Buffy and Faith are patrolling, and Faith wants to know how things are going with Buffy and Dweeby Guy, because they’ve been dating since the end of “Faith, Hope, and Trick.” Buffy likes him, but Faith is more focused on the physical side of things (which are progressing very slowly, thank you). Faith has a very cynical idea about men.
Transition to some kind of monster we can’t see chasing down—oh hey, it’s Douchey McLetterjacket from “Teacher’s Pet”! Hi, Douchey McLetterjacket!
Dweeby Guy catches up with Buffy as she’s walking with Willow and Oz, and these two other kids who seem to be the Willow and Oz of Dweeby Guy’s circle of friends. Dweeby Guy is anxious that he missed the flowers stage of their relationship (why would he be anxious about that when he tried to give her a Claddagh ring before they ever had a date?), but Buffy reassures him.
In the library, Giles and Xander are panicking because someone was mauled to death the night before. They don’t call him Douchey McLetterjacket, though. Now his name is Jeff. The reason they’re worrying is that the window in the book cage where wolf-Oz was locked up was open all night. So Oz might be the one who killed Jeff. He’s stoically devastated.
Buffy has to meet with the school counselor as part of her checklist of reenrollment. The counselor, Mr. Platt, is in the same mold as Dr. Gregory from “Teacher’s Pet.” He tells her that everyone’s a little bit crazy, and that’s okay. It’s still difficult for Buffy to talk to him because there’s too much supernatural stuff mixed in. She tells him what she can about Angel. He’s pretty perceptive. He tells her that it’s okay to lose oneself in love, but not to stay lost.

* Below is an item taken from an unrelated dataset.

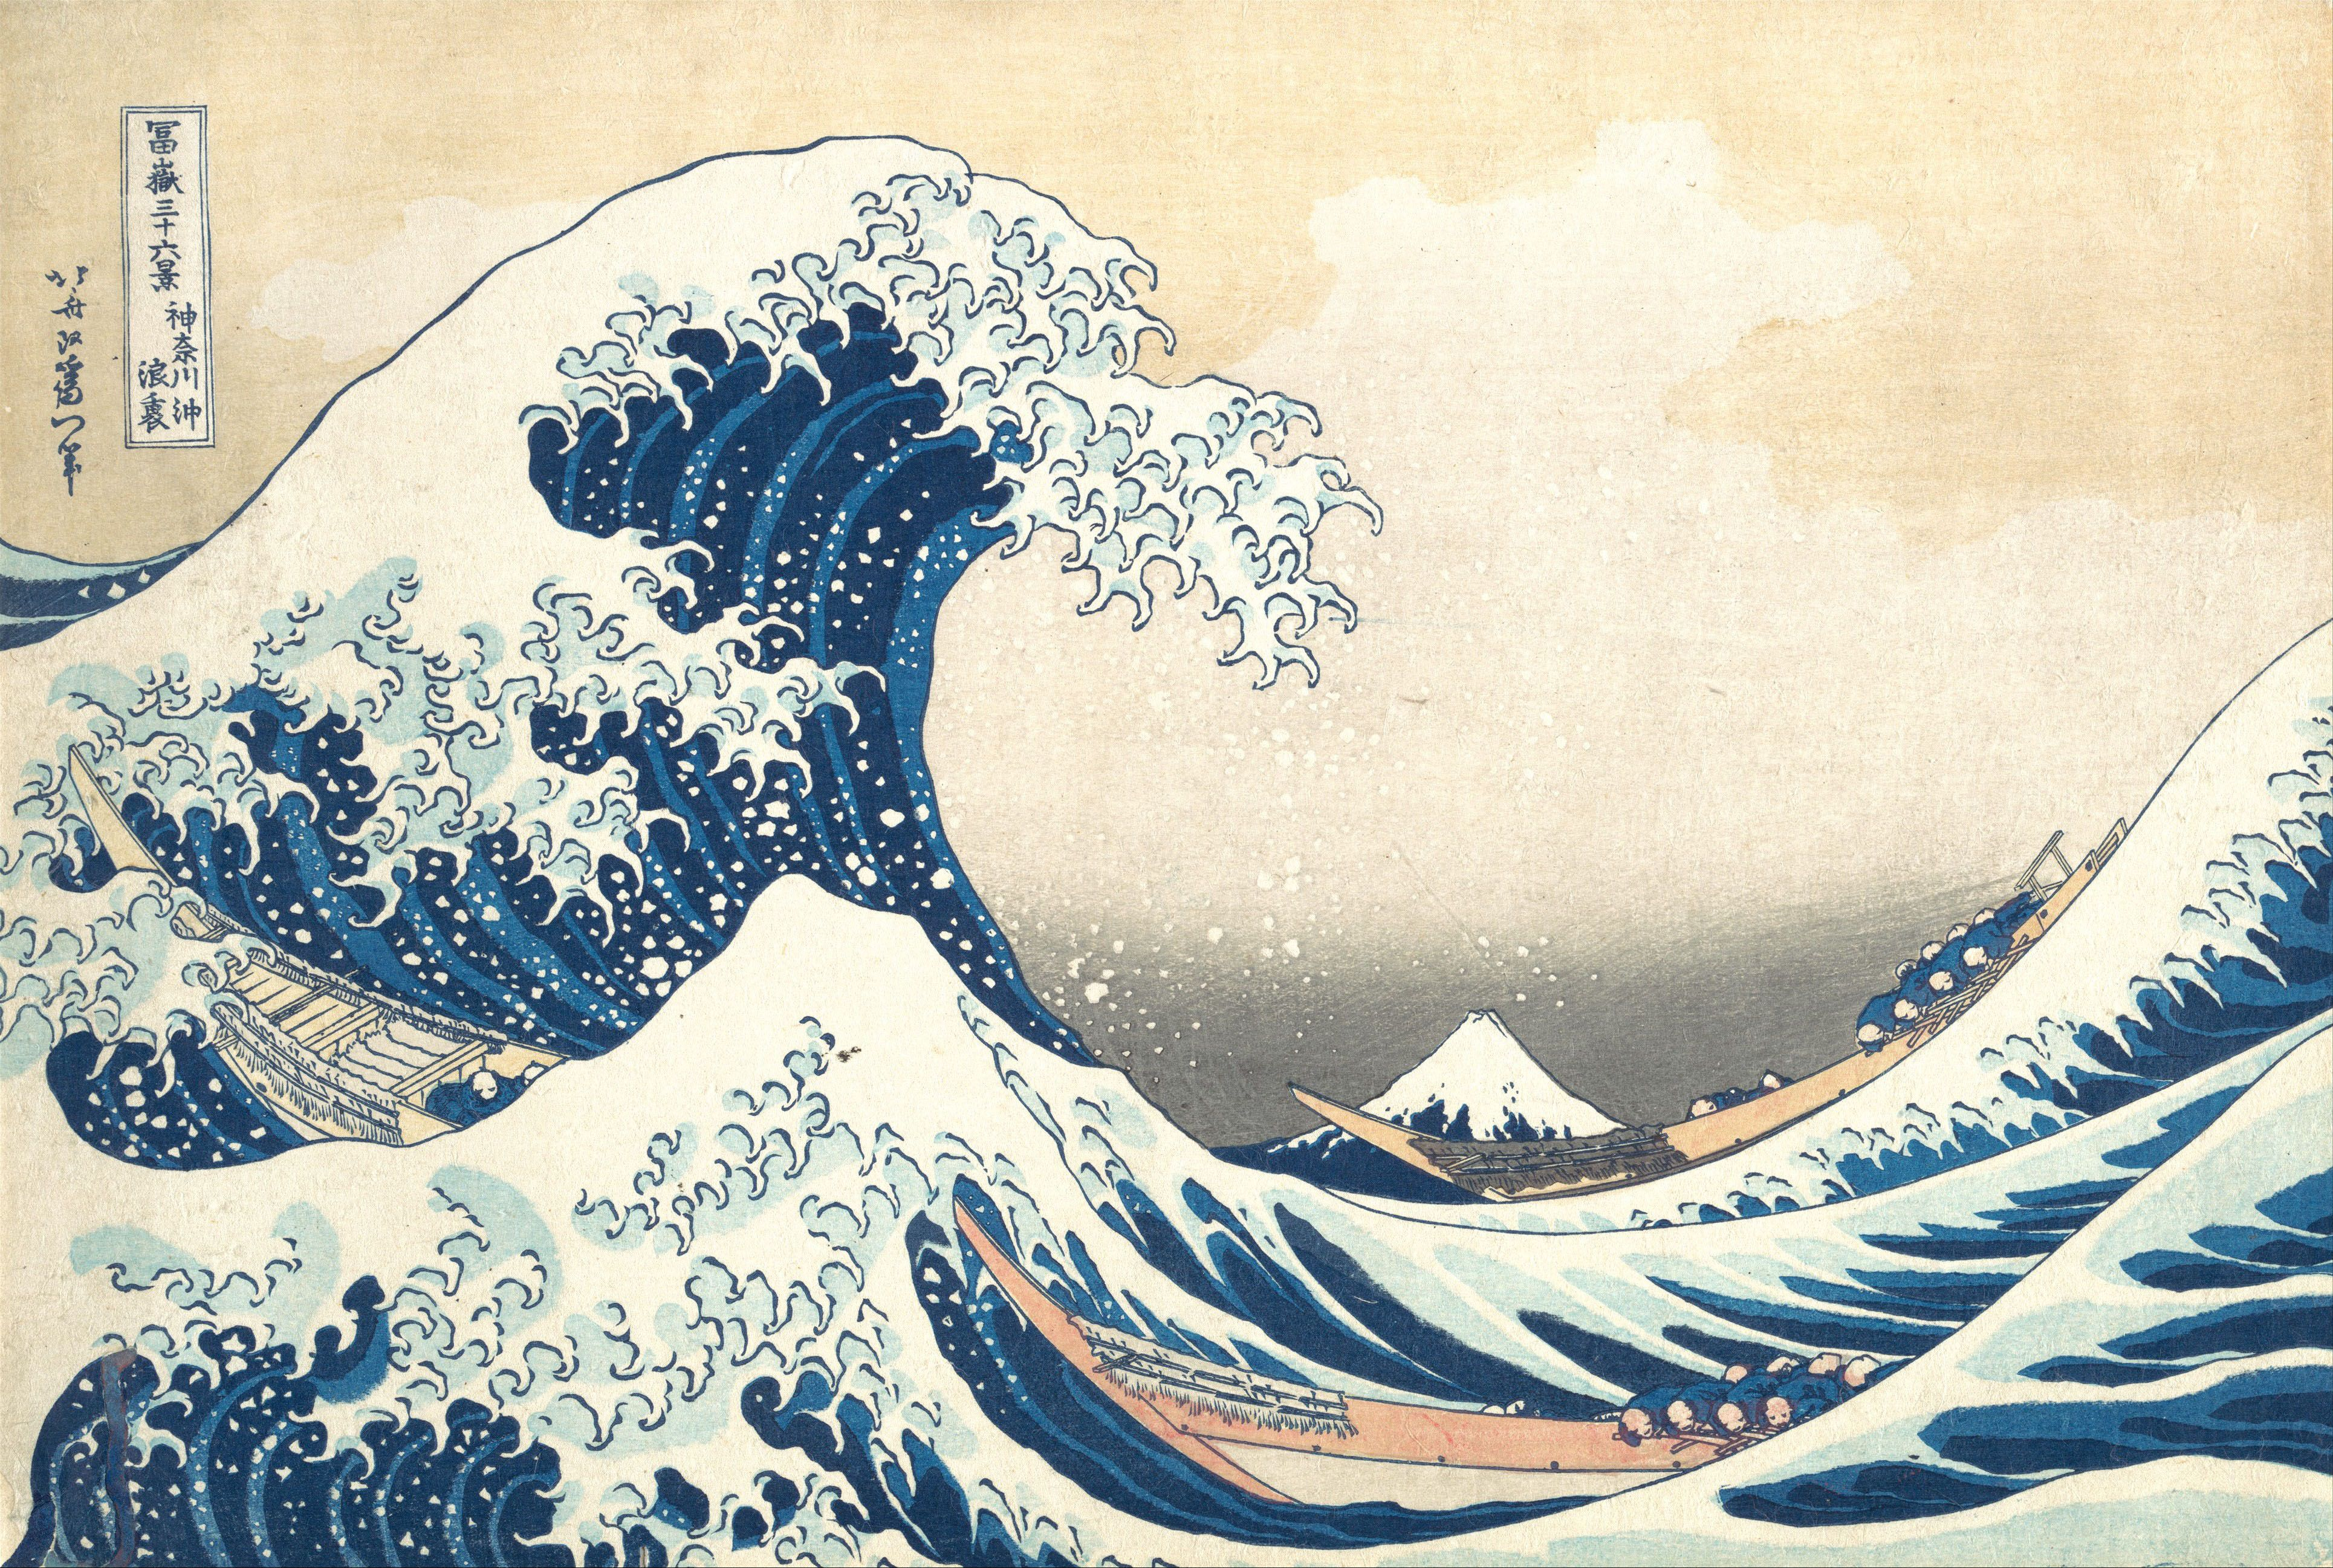 Tsunami_by_hokusai_19th_century (2)

When Buffy goes to the library, she finds all the Scoobies looking super bummed. Xander and Cordelia spill tactlessness all over the situation. Giles sends everyone on assignments to verify the cause of Jeff’s death, and he wants Faith to be the one who watches wolf-Oz that night. Oz wants to bail dramatically in his own non-dramatic way, but it’s too close to sundown for that, so he walks into the cage instead. He doesn’t want to talk to Willow, and she’s a little hurt.
Outside in the woods that night, Buffy is patrolling alone. Something’s moving around in the undergrowth. That something knocks her down, and she looks up and sees that it’s ANGEL! Who somehow has pants now.
But hey, I guess if he can get fully dressed while he’s in the agony of losing his soul, then pants should be an easy task. He’s very growly and uncoordinated, mostly moving around on all fours. She knocks him out, then takes a moment to reel.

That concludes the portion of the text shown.